I started to be concerned when I found that I needed more caffeine just to stay awake and focused, until eventually I got the jitters!

After doing some research I decided to stop taking caffeine and in particular caffeine pills.

In this article I’ll be sharing some of the things that I found out about caffeine and why I think taking caffeine pills to stay awake and study or work wasn’t worth the risk.

Working Through Tiredness
Photo by Carl Raw @carltraw on Unsplash, Southport, United Kingdom, Take a photo of your arcade, play around with the lighting in Lightroom. It’s fun.

Ease of Access

It’s never been easier to get a quick energy boost when you need it. Plenty of snacks contain caffeine and and are within easy reach via vending machines in schools, offices and train stations.

Due to caffeine’s pervasiveness in foods and drinks, many don’t realise how much caffeine they consume in a day.

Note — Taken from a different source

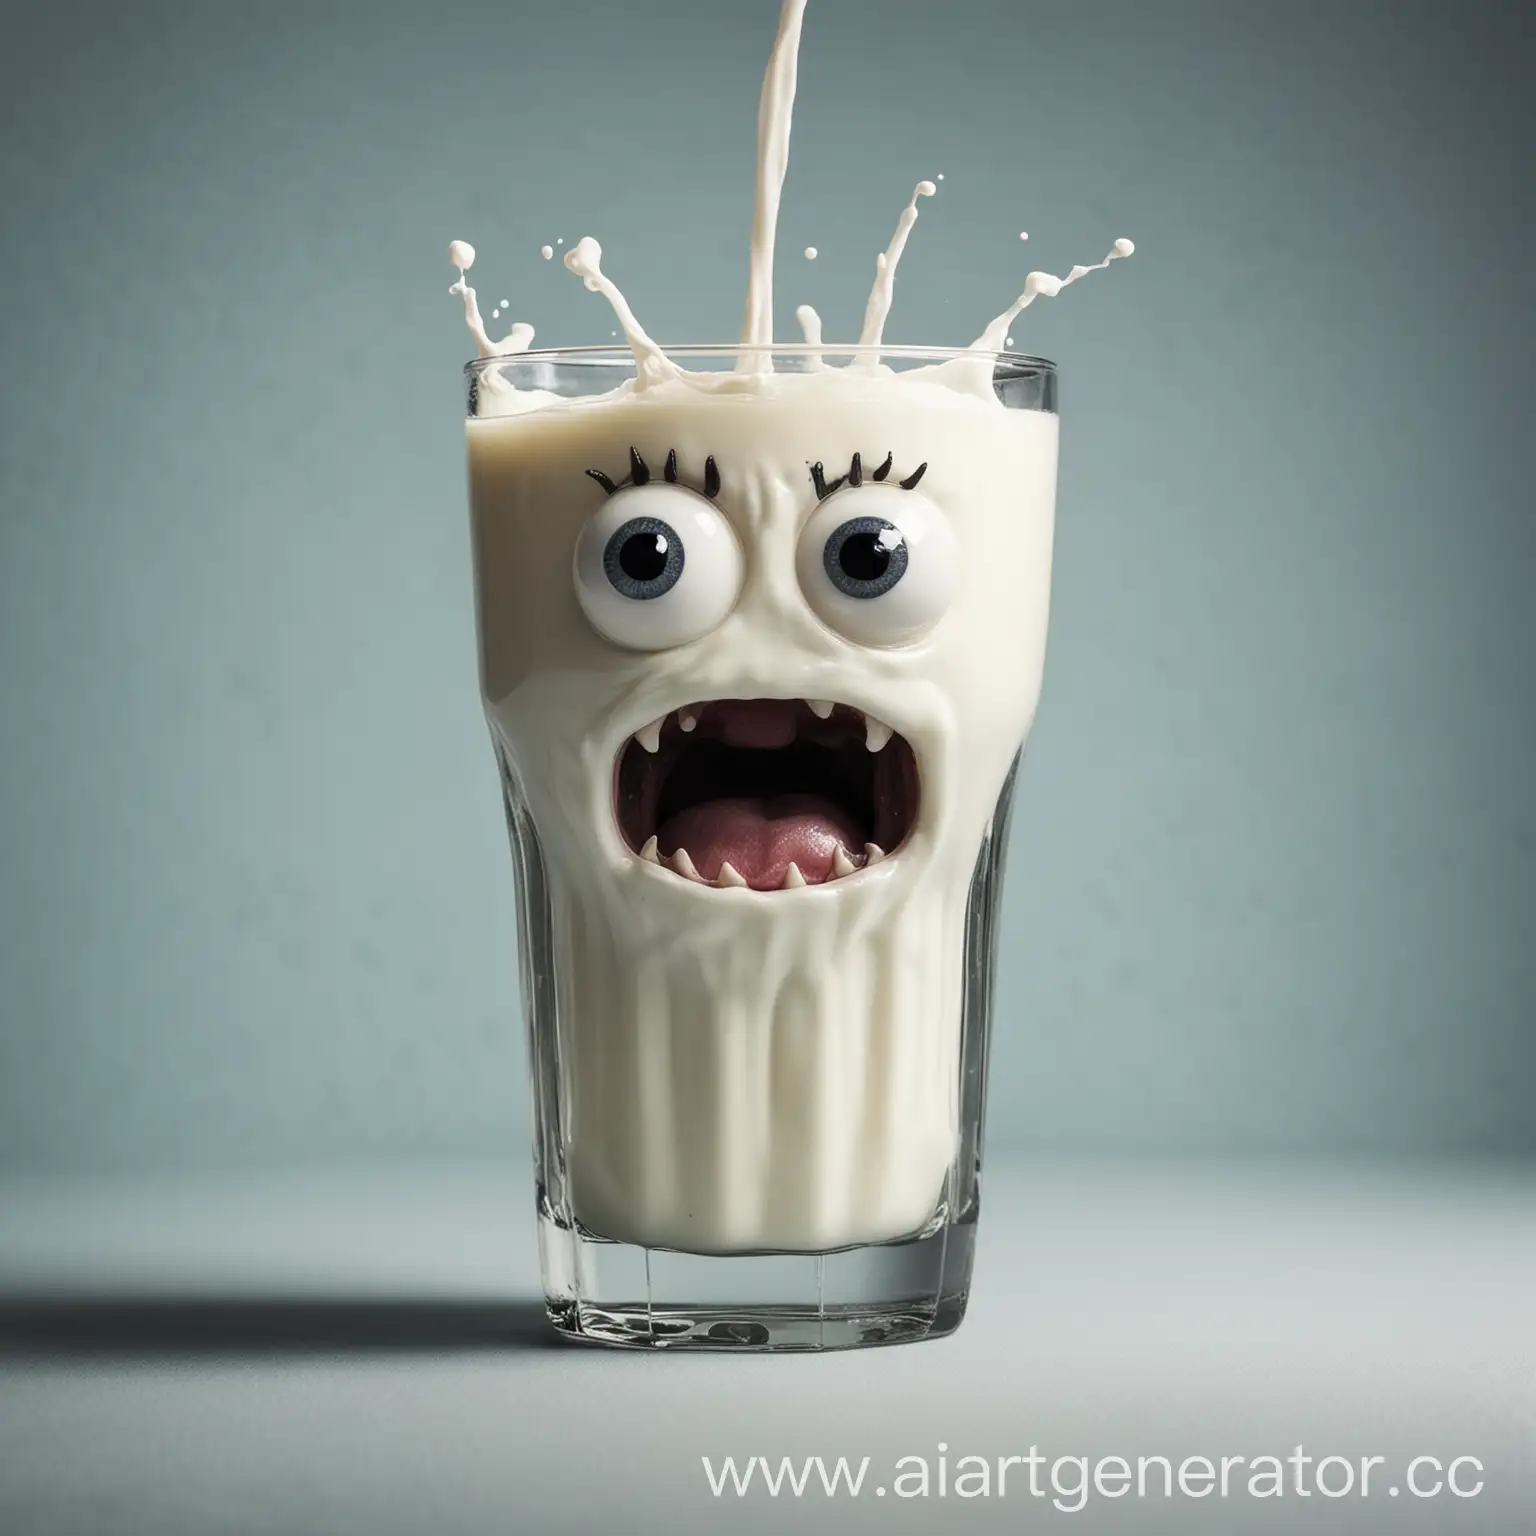 Terrifying-Milk-Monster-in-a-Glass

Caffeine pills promise an instant energy boost packed into an easily consumed pill. A couple of pills will keep you alert and focussed. A single pill can contain as much caffeine as two cups of coffee (200 mg).

Great, so what? The FDA recommends four or five cups of coffee per day for healthy adults (depending on body weight, medications and individual sensitivity), which works out to be approximately 400 mg of caffeine. Consume just one pill and you are already at half your limit for the day.

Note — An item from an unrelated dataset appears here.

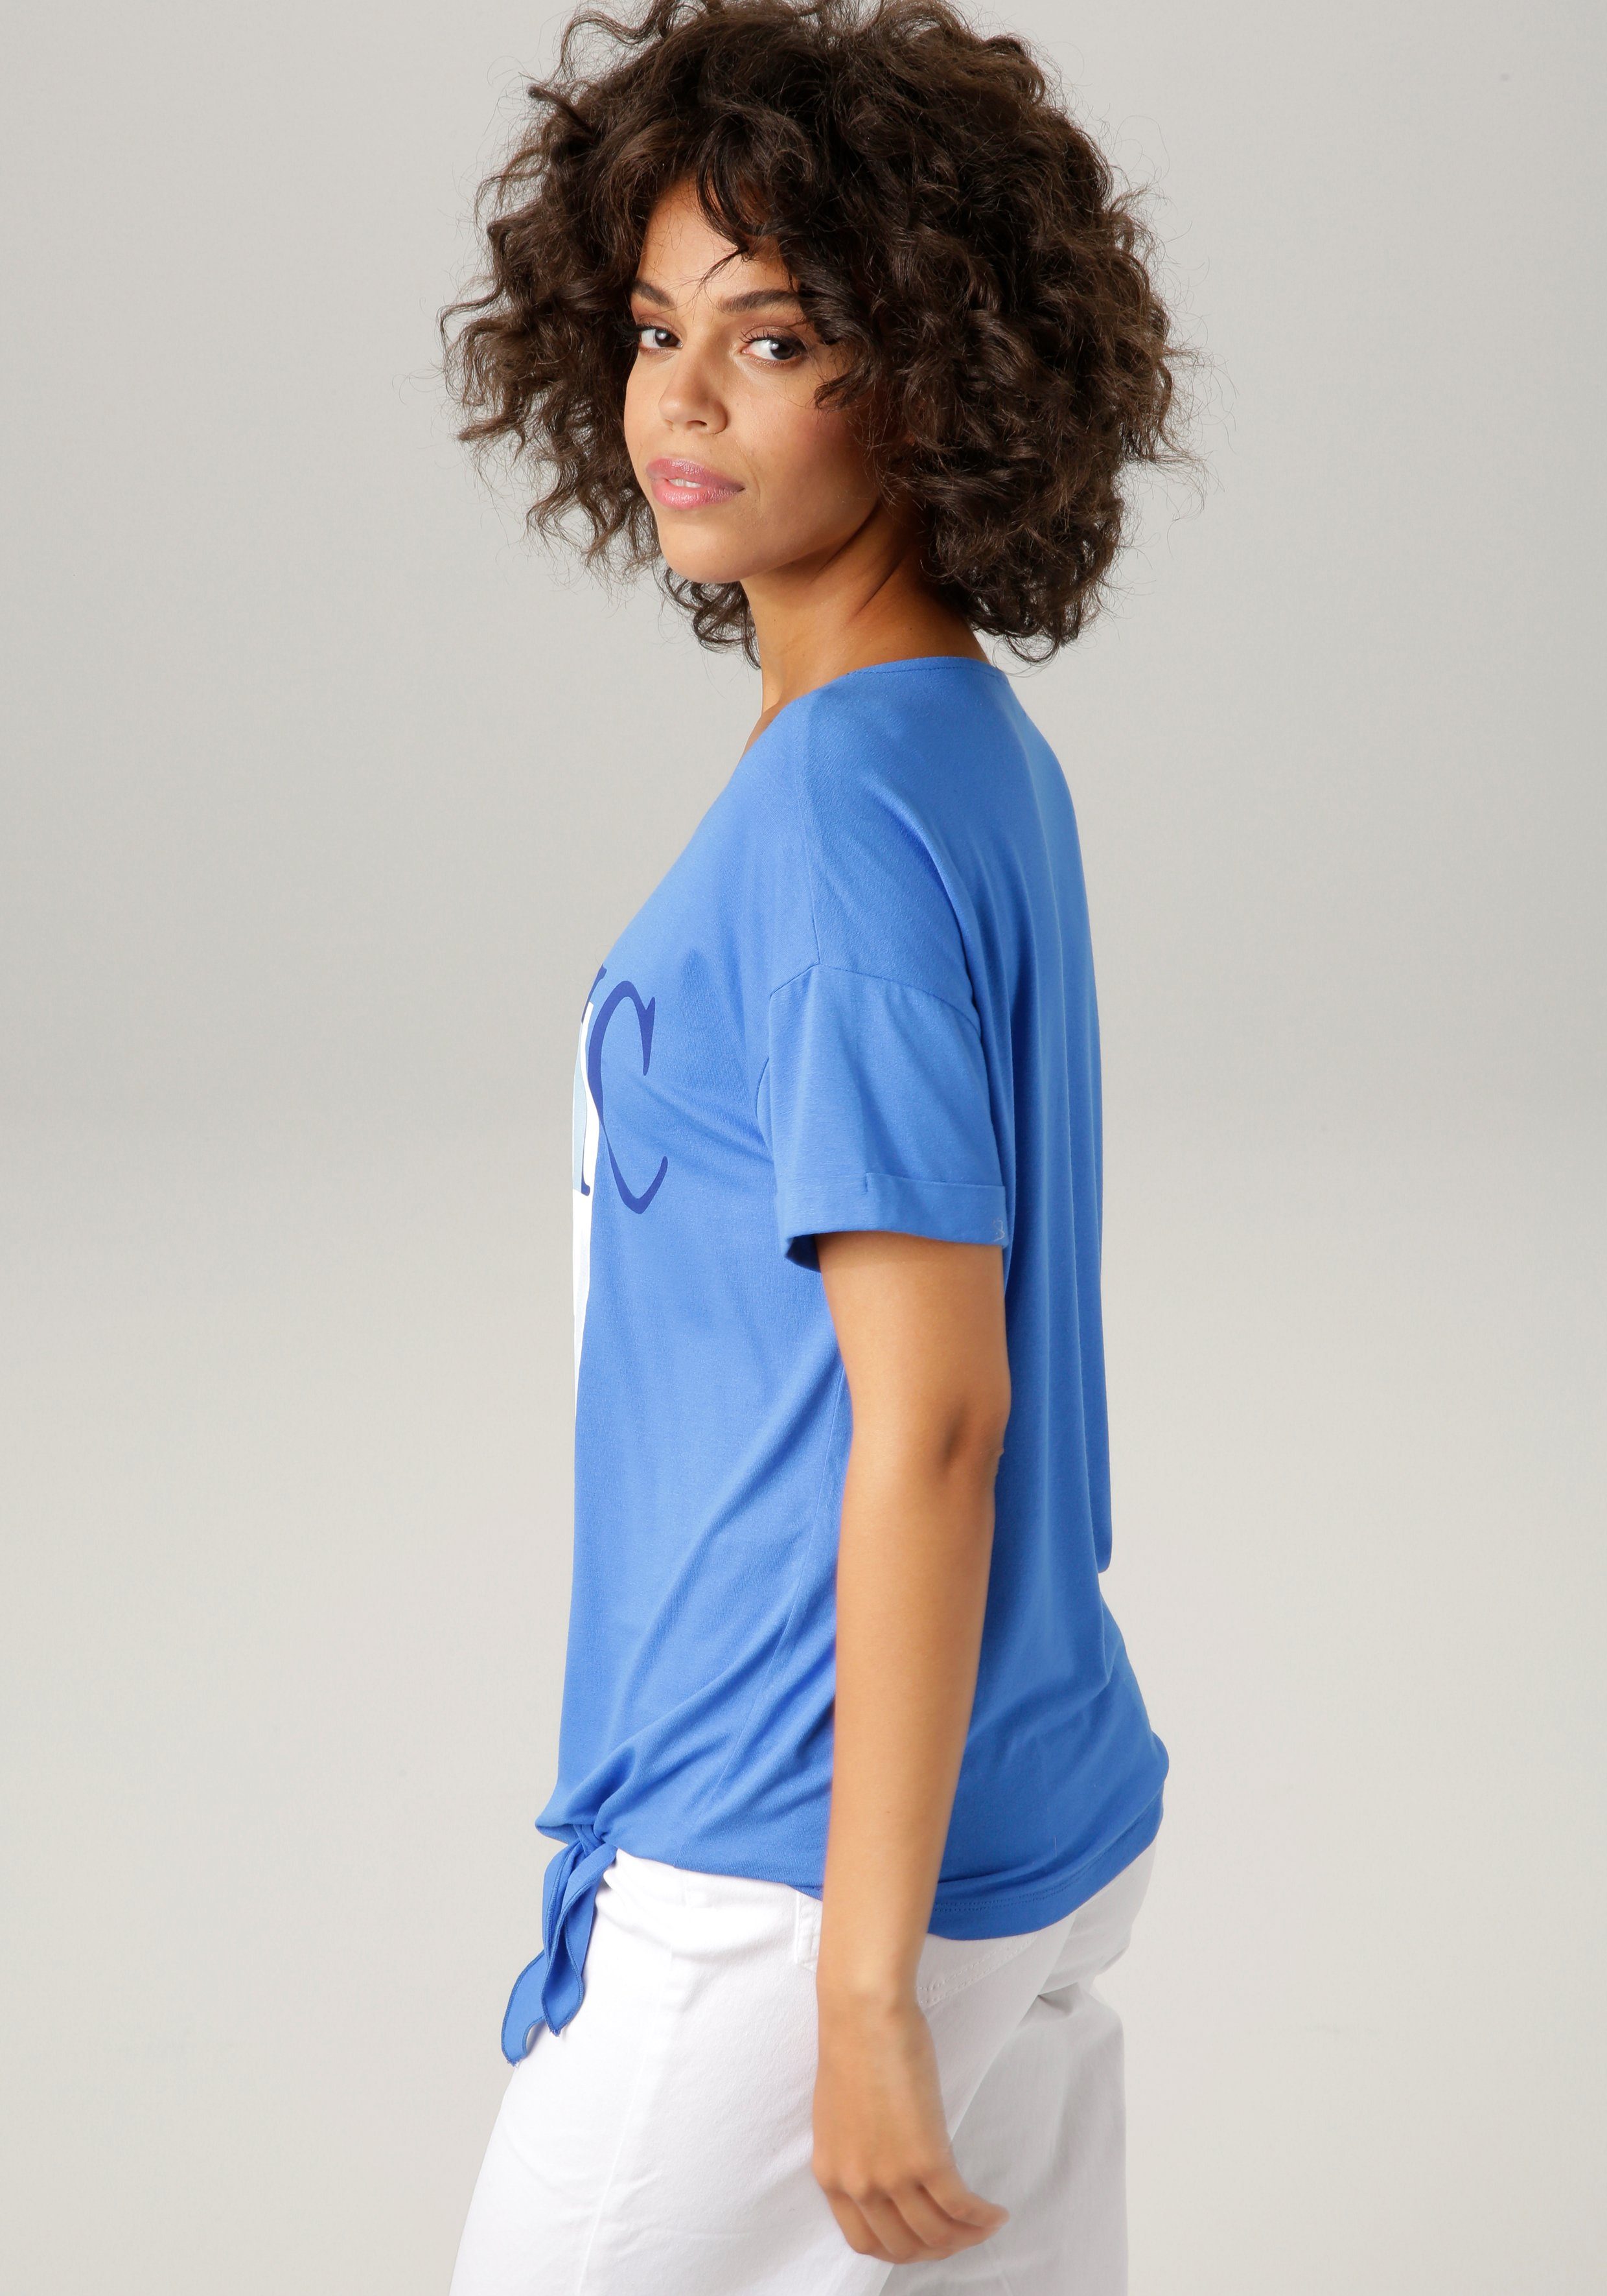 CASUAL T-Shirt mit royalblau-marine-wollweiß-hellpetrol-sand-schwarz "ethnischem" Aniston ausdrucksstarkem Frontdruck

And those that do use caffeine pills quite frequently consume more than one or two pills, especially if they have a heavy work or study load.

Diminishing Returns

When you’re in it, it’s difficult to realise that your caffeine consumption is raising your tolerance to the stuff.

I started taking more caffeine pills than the recommended dosage and felt more drained and irritable. I remember blaming it on the fact that I had so much to do and not enough time to get it done.

A good friend of mine told me that it might be best if I slowed down, and would drop hints about the effects that caffeine was having on me.

Looking back I can see it clear as day. I was consuming too much caffeine which was making me feel crap.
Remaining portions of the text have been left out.